四隅を比較するとP30PROの方が歪んだ分だけより多くのタイルが写り込んでいるのが分かると思う。歪んだ分、長さも縮んでいるわけである。

このように四隅に関しては設計思想が根本的に違うので単純な比較は有意義でないと思う。

それにしてもこの歪曲具合はレンズ交換式カメラに慣れている人からすれば驚きだろう。単焦点レンズばかり使っているとこういう歪みはまずお目にかからない。

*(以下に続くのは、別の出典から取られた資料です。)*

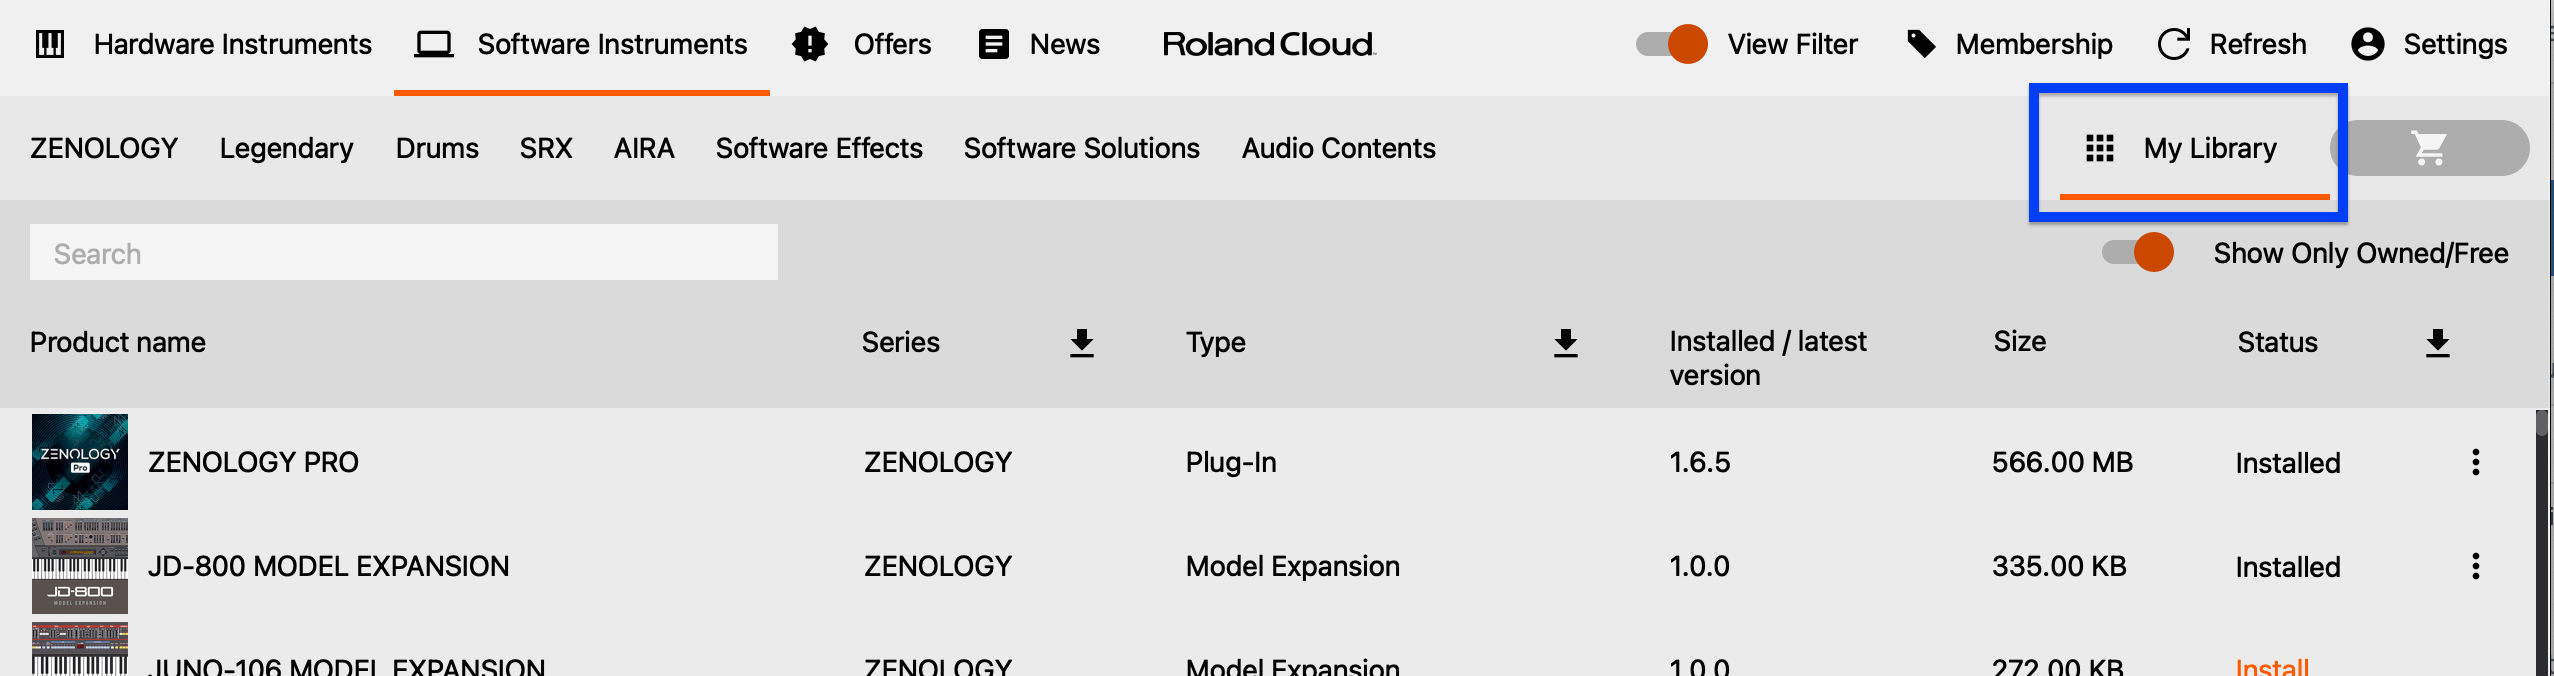 roland_cloud_manager_My_Library

ただ、このせいでおかしな写真ばかりになるかというと意外とそうでもない。

作例  sample images

ここに掲載する写真は2枚目以外すべてRAWをPCのLightroomで現像したものになります。2枚目はカメラ内JPEG画像。

ISO50 2.34mm F2.2 1/1250

↑こういう写真には隅の歪みは何ら悪影響を及ぼさない。

ISO50 2.34mm F2.2 1/1300

ランドマークタワーが曲がってしまっている。この写真のように四隅に直線的な被写体を配置すると歪みが露呈する。こう言うとビルの多い都会の撮影には向かないと思われるかもしれないが、画面を対角に走る線は曲がらないので構図を工夫すれば何とかなる場合も多い。

ISO50 2.34mm F2.2 1/1000

↑このように直線が斜めに入るような構図にすれば歪みは目立たない。

ISO50 2.34mm F2.2 1/720

ISO50 2.34mm F2.2 1/440

常に全域が被写界深度内に入っているようなレンズなのでピント位置は気にする必要がない。

ISO50 2.34mm F2.2 1/2300

逆光でもフレアやゴーストは生じにくい。

ISO50 2.34mm F2.2 1/320

ISO50 2.34mm F2.2 1/1300  

四隅の歪み以外は欠点もない良いレンズだと思う。この画角、この画質のカメラがいつも持ち歩けるサイズに収まっているというのは大変魅力的。